Although many of these laws exempt patients with chronic or cancer pain, in practice they often affect those with long-term pain, like McAneny’s patient. Some insurance companies and major pharmacy chains, like Walmart, Express Scripts, and CVS (CVS), also have mandatory restrictions on the opioid prescriptions they will fill. In addition to imposing supply limits, insurers and pharmacies are increasingly using the CDC’s dosage guidance (the equivalent of 50 to 90 milligrams of morphine a day) as the basis for delaying or denying refills for long-term pain patients, even though the CDC guidance is intended to apply only to patients who have not taken opioids before.

The Drug Enforcement Administration and some state medical boards are also using this dosage guidance in ways that were never intended, such as a proxy or red flag to identify physician “over-prescribers” without considering the medical conditions or needs of these physicians’ patients. As a result, some physicians who specialize in pain management are leaving their practices, while others are tapering their patients off of opioids, solely out of fear of losing their licenses or criminal charges.

The laudable goal of these laws and policies is to stem the tide of unprecedented overdose deaths and addiction in the U.S. But here are three interesting facts: Opioid prescribing is currently at an 18-year low. The rate of prescribing opioids has dropped every year since 2011. Yet drug overdose deaths have skyrocketed since then.

Recent data from the CDC suggests that illegally manufactured fentanyl, its analogs, and heroin are responsible for well over half of all overdose deaths. Stimulants like cocaine and methamphetamines are responsible for another third. Deaths related to prescription opioids come next in line, although many of those who died were not the intended recipient of the prescribed medication. In addition, most deaths involve multiple substances that are used in combination, often including alcohol.

The vast majority of people who report misusing prescription opioids did not get them from a doctor under medical supervision, and as many as 70 percent reported prior use of substances like cocaine and methamphetamines.

Conflating the misuse of opioids with their legitimate medical use, and treating all opioids — illegal or prescription — alike is stigmatizing patients for whom opioid painkillers are necessary and medically appropriate.

There’s no question that taking opioid medications carries risks: The CDC places the risk of addiction with the long-term use of opioids at 0.07-6 percent. The risk of addiction justifies judicious prescribing, trying other forms of treatment before prescribing opioids, and carefully screening patients for a history of addiction and mental health issues when opioids are being considered.

But most patients who use opioid medication for pain do not become addicted, although they may develop physical dependence. Addiction is the compulsive use of a substance despite adverse consequences. Appropriate medical use is just the opposite, use on a set schedule as prescribed with benefits to health and function.

Nearly 18 million Americans currently take opioids long-term to manage pain; many of them have complex medical conditions. When appropriately prescribed opioids are denied, patients whose pain has been well-managed by them may experience medical decline, lose the ability to work and function, and resort to suicide. Denying opioids to patients who have relied on them — sometimes for years — may cause some to turn to street drugs, thereby increasing their risk of overdose.

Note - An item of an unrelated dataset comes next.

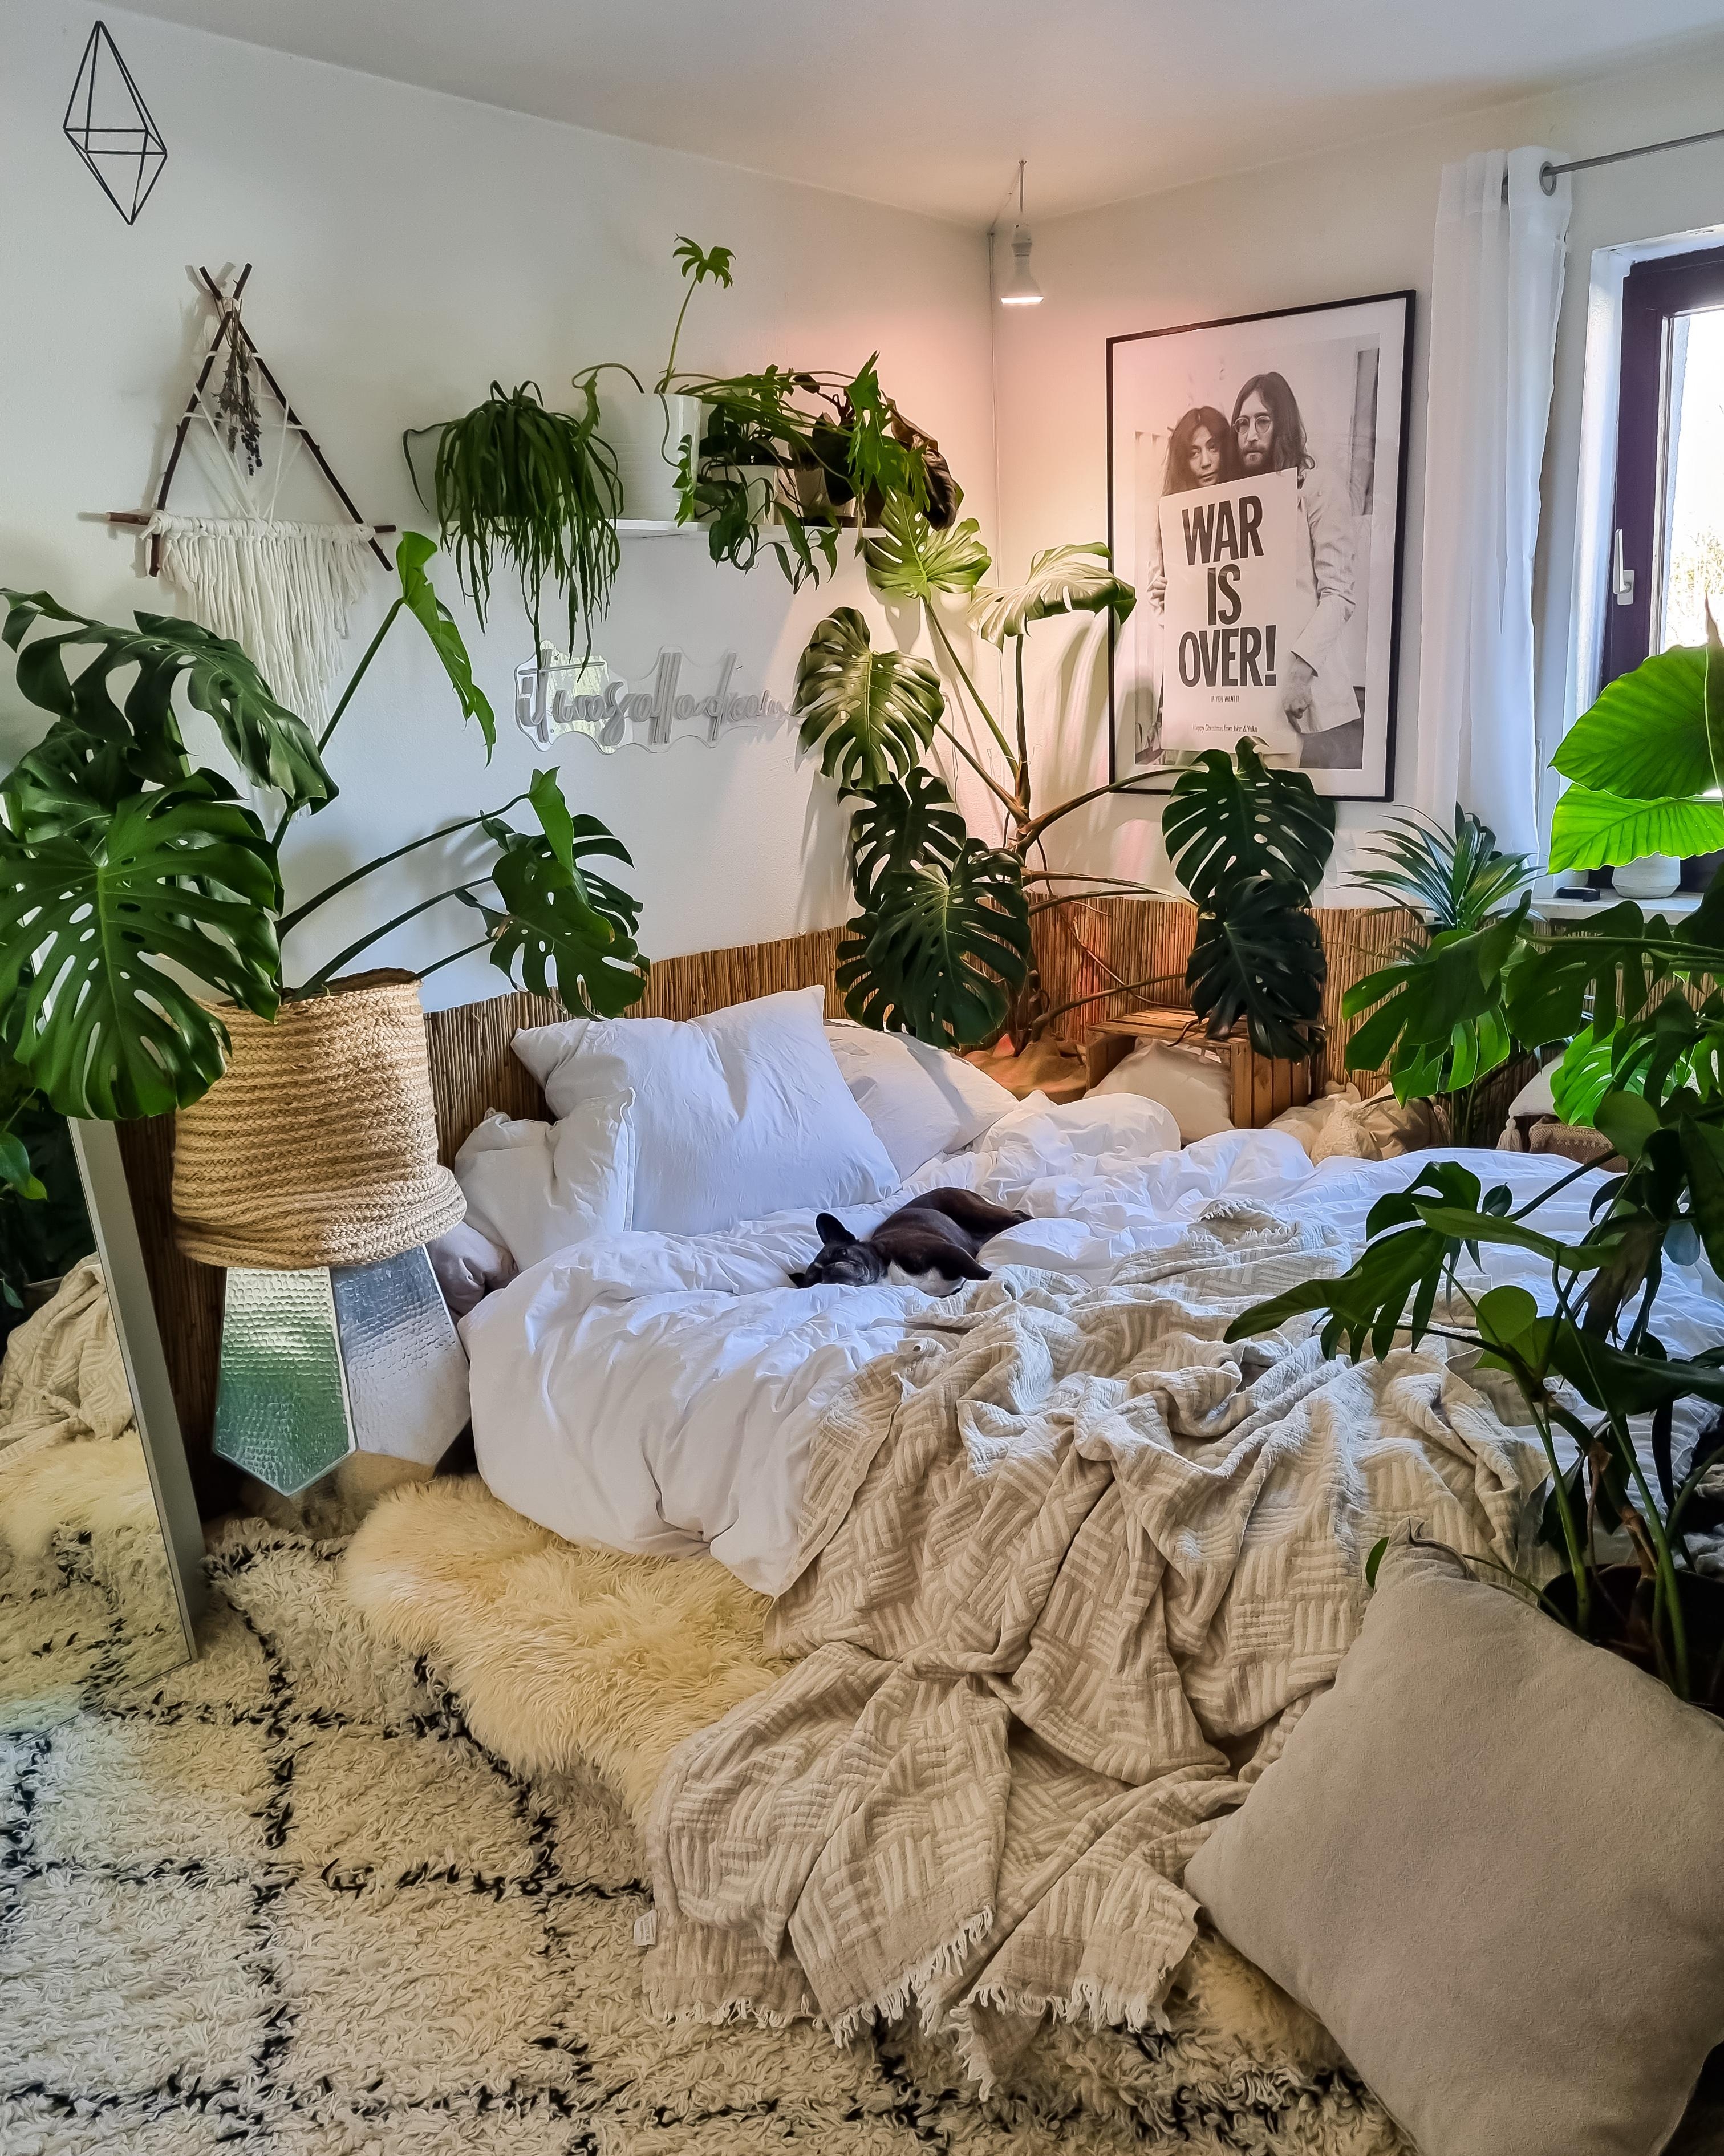 Träumen #Schlafzimmer #Wohnung #Paletten #bett #palettenbett #Pflanzen #Monstera #Teppich #Fell #Poster #Galerie

Dr. Terri Lewis, a researcher and rehabilitation specialist, recently conducted a nationwide survey of 3,000 pain patients. More than half of those surveyed (56 percent) reported disruptions in care or outright abandonment by their physicians. Among those reporting disruption or abandonment, many experienced adverse health consequences (55 percent) as well as hopelessness or thinking about suicide (62 percent) as a result. In other surveys, physicians said that they were prescribing fewer opioids or ceasing treatment of pain patients altogether because of regulatory scrutiny, even in cases where they believed that doing so would harm their patients.

The CDC guideline and its progeny of laws and policies have created chaos and confusion in the medical community. Some physicians are telling their patients that changes in the law are the reason they are tapering them to a preset dosage of opioids or off of opioids altogether. Yet the specific dosage thresholds in the CDC guideline were never intended to apply to patients currently taking opioids. Indeed, nothing in the current legal or regulatory environment justifies forcibly tapering a patient off of opioids who is doing well, and there is no solid evidence to support such a practice.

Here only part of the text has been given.